**Exercise description**
Restate word for word the lines of the records below, starting at the line that contains "Pantalón chino PAOLONI beige. - Ítem1" and ending at the line that contains "Girl playing on a bean bag - Stock Image", with both of those lines included and nothing else.

**Supplied material**
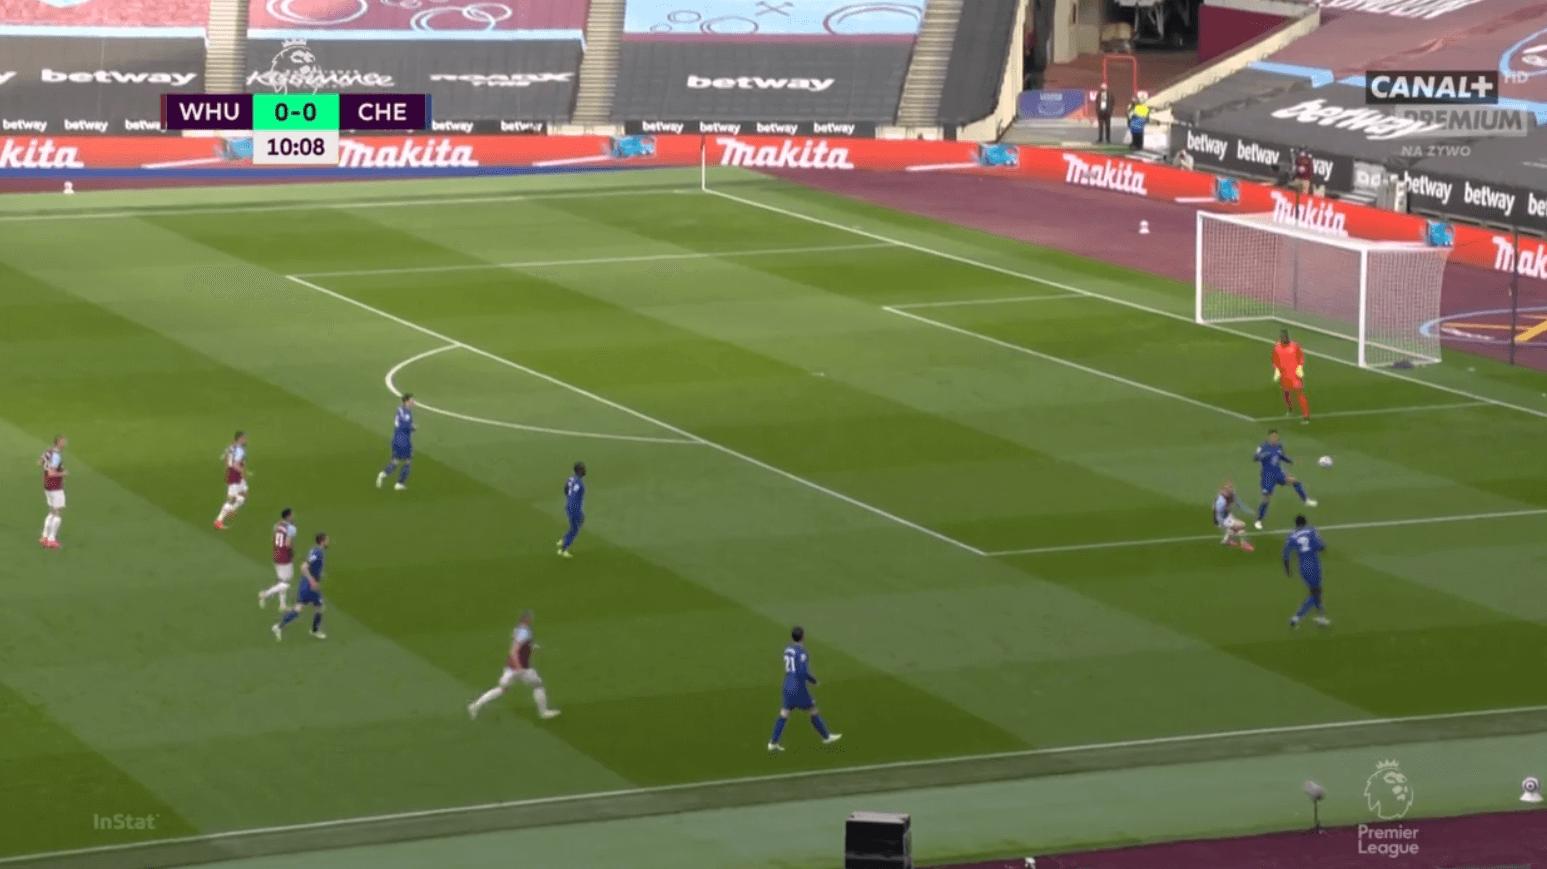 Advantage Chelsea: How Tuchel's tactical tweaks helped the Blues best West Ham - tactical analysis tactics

...

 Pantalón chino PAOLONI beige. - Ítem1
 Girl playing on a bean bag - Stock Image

**Answer**
 Pantalón chino PAOLONI beige. - Ítem1
 Girl playing on a bean bag - Stock Image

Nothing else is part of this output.